Highlights & Insights

  • The strongest aspect of the paper is the derivation of a structural formula for mismatch, around which the system is designed. It is not an empirical schedule but addresses the root cause: "how many minibatches are read before the first backward pass."
  • Multi-directional scheduling transfers the intuition of Chimera to asynchronous training, shifting the goal from "filling bubbles synchronously" to "filling bubbles under controlled mismatch," which better fits asynchronous stability.
  • ZeRO is not an optional optimization here but a necessary condition for making multiple pipeline replicas scalable. Otherwise, the throughput gains from multiple directions would be consumed by optimizer state duplication.

Limitations & Future Work

  • The effectiveness of AMDP depends on pipeline stage partitioning and the ratio of forward to backward pass times; more validation is needed for extreme imbalance, strong communication bottlenecks, or non-Transformer architectures.
  • Theoretical analysis is based on smooth objectives and SGD-style assumptions.
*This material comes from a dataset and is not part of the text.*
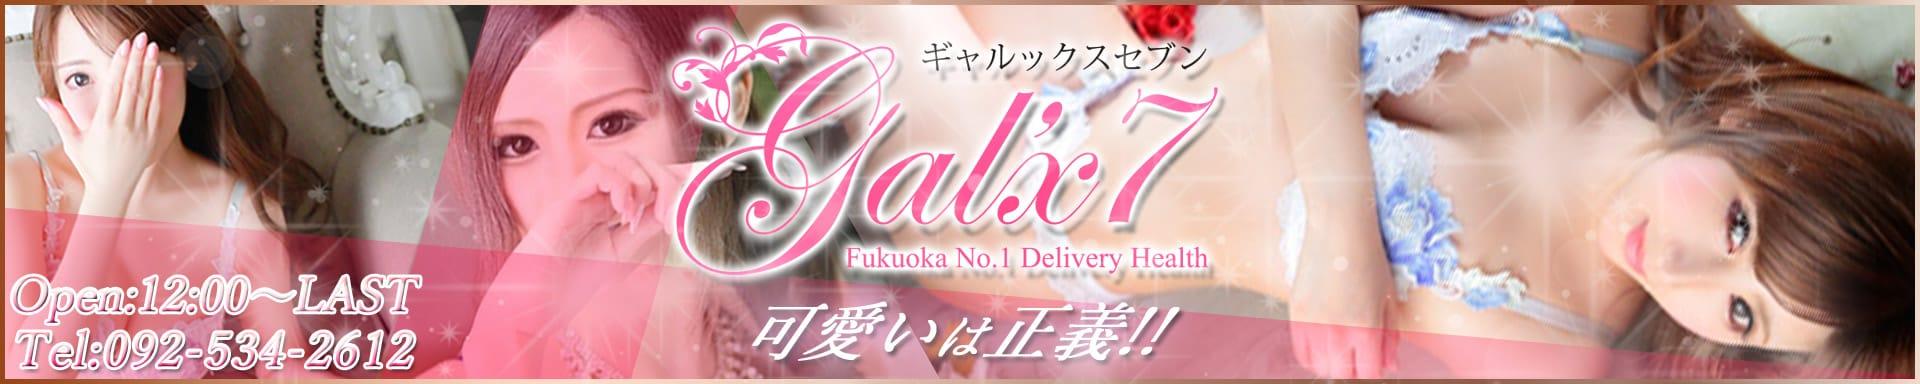 GAL'X 7 その2

While the appendix extends this to Adam-like optimizers, it remains an approximate explanation.
  • The implementation complexity of multi-directional scheduling is higher than standard 1F1B, and costs related to integration with existing frameworks, debugging, and fault tolerance must be considered.
  • Future work could combine mismatch-aware learning rates, automatic stage partitioning, and dynamic selection of pipeline counts to make scheduling more adaptive.
  • vs DAPPLE / Inter-1F1B: Synchronous methods provide stable convergence but significant bubbles; AMDP exchanges higher throughput via controlled asynchrony and multi-directional scheduling.
  • vs PipeDream / PipeDream-2BW: The PipeDream series eliminates bubbles but requires handling delayed gradients or parameter versions; AMDP directly limits mismatch to one step, reducing convergence risk at the source.
  • vs XPipe / vNAG: Parameter prediction methods attempt to estimate future weights; AMDP does not predict parameters but reduces the degree of inconsistency through structural scheduling.
  • vs Chimera: Chimera is a synchronous bidirectional pipeline; AMDP adopts the multi-directional idea for asynchronous scenarios and incorporates gradient accumulation and ZeRO.

Rating

  • Novelty: ⭐⭐⭐⭐☆ The combination of multi-directional asynchrony and a one-step mismatch upper bound has significant system design value and builds upon mature pipeline parallelism concepts.
  • Experimental Thoroughness: ⭐⭐⭐⭐☆ Covers multiple models, depths, batch sizes, memory, convergence, and 16-GPU scalability, though validation on true ultra-large-scale models remains to be seen.
  • Writing Quality: ⭐⭐⭐⭐☆ Problem decomposition is clear, with theory, scheduling diagrams, and system experiments providing mutual support.
  • Value: ⭐⭐⭐⭐☆ Highly practical for large-scale model training systems, especially in scenarios where high throughput is desired without risking asynchronous convergence failure.